Popular high protein, low carbohydrate diets should be avoided during pregnancy as they can lead to more stressed children.

A team of UK researchers followed 82 children born in the late sixties whose mothers had been advised to eat a pound of red meat a day during pregnancy.

Dr Rebecca Reynolds, who led the study, said that the women had originally been advised by an obstetrician to eat very high levels of meat and low levels of carbohydrate to avoid a condition called pre-eclampsia associated with high blood pressure in pregnancy.

The study found the more meat the mother ate, the higher the levels of stress hormone cortisol in the child.

The study, carried out by the Universities of Edinburgh and Southampton, asked the subjects, all of whom are now in their thirties, to perform a series of stressful tasks including public speaking and mental arithmetic.

Their blood pressure levels were recorded and cortisol levels were measured before and after each task.

"We are very interested in foetal programming which says how we are born as a baby sets us up for future health," said Dr Reynolds.

"This study adds to the increasing evidence of the importance of the maternal diet and suggests that one of the ways in which it can have these long term effects is by permanently altering stress hormone levels.

"We don't know why this occurs - it may be that the baby is put under stress during pregnancy which causes irreversibly high levels of cortisol."

But she added, "Given the recent popularity of low-carbohydrate/high protein diets, such as the Atkins diet, this data also suggests that these diets should be avoided during pregnancy."

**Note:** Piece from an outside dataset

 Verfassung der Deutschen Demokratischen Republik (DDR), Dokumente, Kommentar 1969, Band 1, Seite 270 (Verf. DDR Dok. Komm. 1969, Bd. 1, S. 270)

Dr Doris Campbell, reader in obstetrics and gynaecology at Aberdeen University, said it was probably not a good idea to mess around with diet during pregnancy.

"These sorts of high protein, low carbohydrate diets are not particularly healthy in general, but I certainly would not advocate them in pregnancy," she said.

The research is being presented at the European Congress of Endocrinology in Glasgow on Tuesday.